Is the new version of Death Wish a return to form for director Eli Roth or just another pointless remake? Dan Jensen gives his thoughts.
Directed by Eli Roth (2018)
DEATH WISH is a remake of the classic 1974 action film starring Charles Bronson, this time around featuring Bruce Willis in the lead role of Paul Kersey — a man who embarks on a vigilante justice spree after a tragedy involving his wife and daughter. Directed by Eli Roth, the character of Kersey has been changed from an architect to a surgeon in an attempt at irony over the fact that a man who has sworn to save lives is now taking them. This painful attempt at irony is just one of many areas in which this film fails miserably.
Let me interject here — I'm a huge fan of Eli Roth. Ever since his debut horror film Cabin Fever, I found the man intriguing, with his warped sense of humour and immense love of the horror genre. He followed that film with the first two Hostel movies which I also really enjoyed, but it was soon after that his career took a downward turn. While he did produce a few good movies, including The Sacrament, his work as a director gave us such turkeys as Knock, Knock and the awful Green Inferno. There's a reason why you're reading this wondering what those movies are, they just aren't worth seeing. Nonetheless, I had hopes that Death Wish would be his triumphant return to directing something great, much like M. Night Shyamalan did with The Visit.
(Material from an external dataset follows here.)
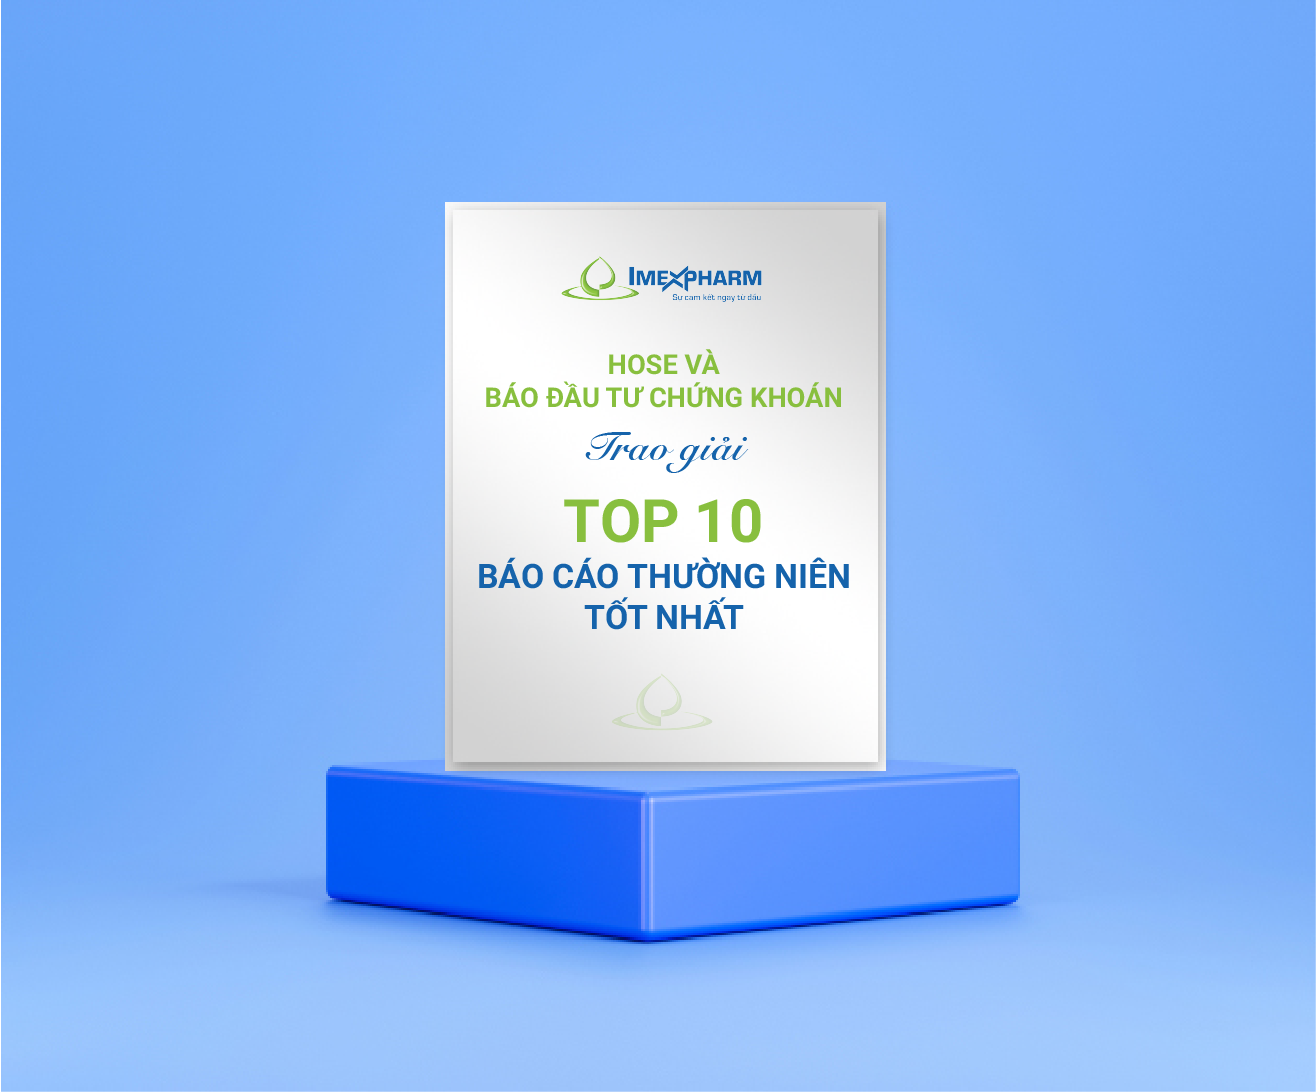 HOSE and Securities Investment Newspaper awarded Top 10 Best Annual Reports.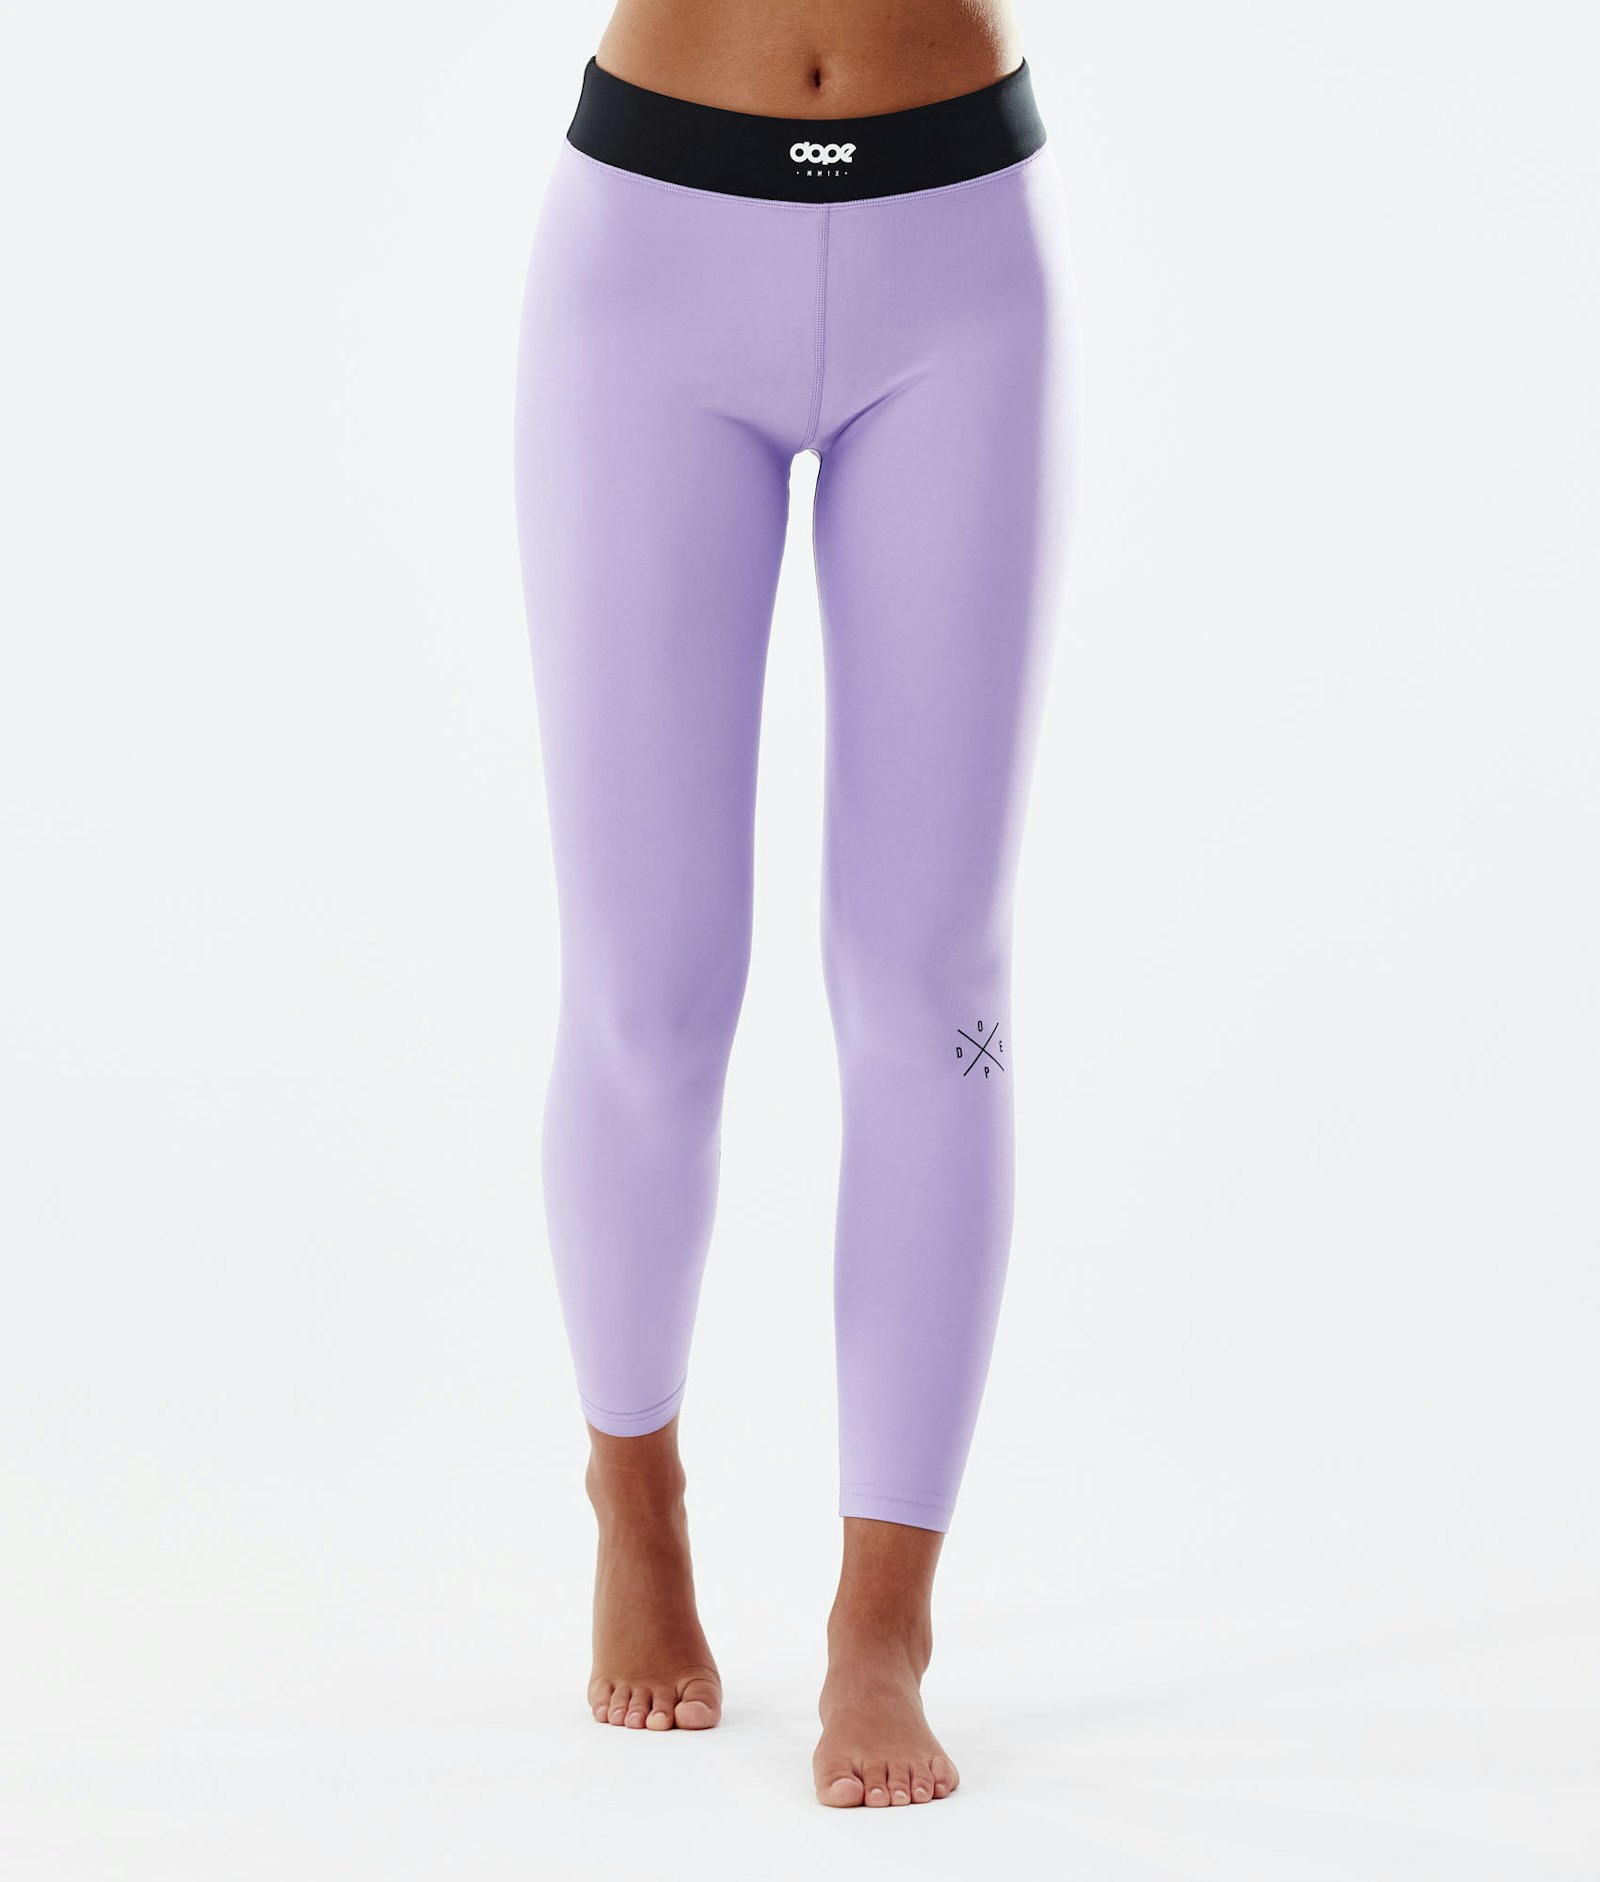 Snuggle W 2021 Base Layer Pant Women 2X-Up Faded Violet

Unfortunately, what we have here is 107 minutes of the worst dialogue I've heard in a movie this year, terrible performances from great actors, completely forgettable "action" scenes and a lot of missed opportunities.
Let's begin with the dialogue. There's a fundamental rule of screenwriting which states "show, don't tell". In other words, rather than have characters sitting around telling us what's going on, show it in imagery. Cinema is, after all, primarily a visual medium. In Death Wish, we're given so many scenes of bland exposition either from our characters having conversations where they may as well be looking straight at the audience, or from news reports, radio shows and podcasts that are interspersed throughout the narrative to the point where you just want to yell "we get it!" It's like the movie was written by someone who hadn't seen too many movies and didn't really know what to do.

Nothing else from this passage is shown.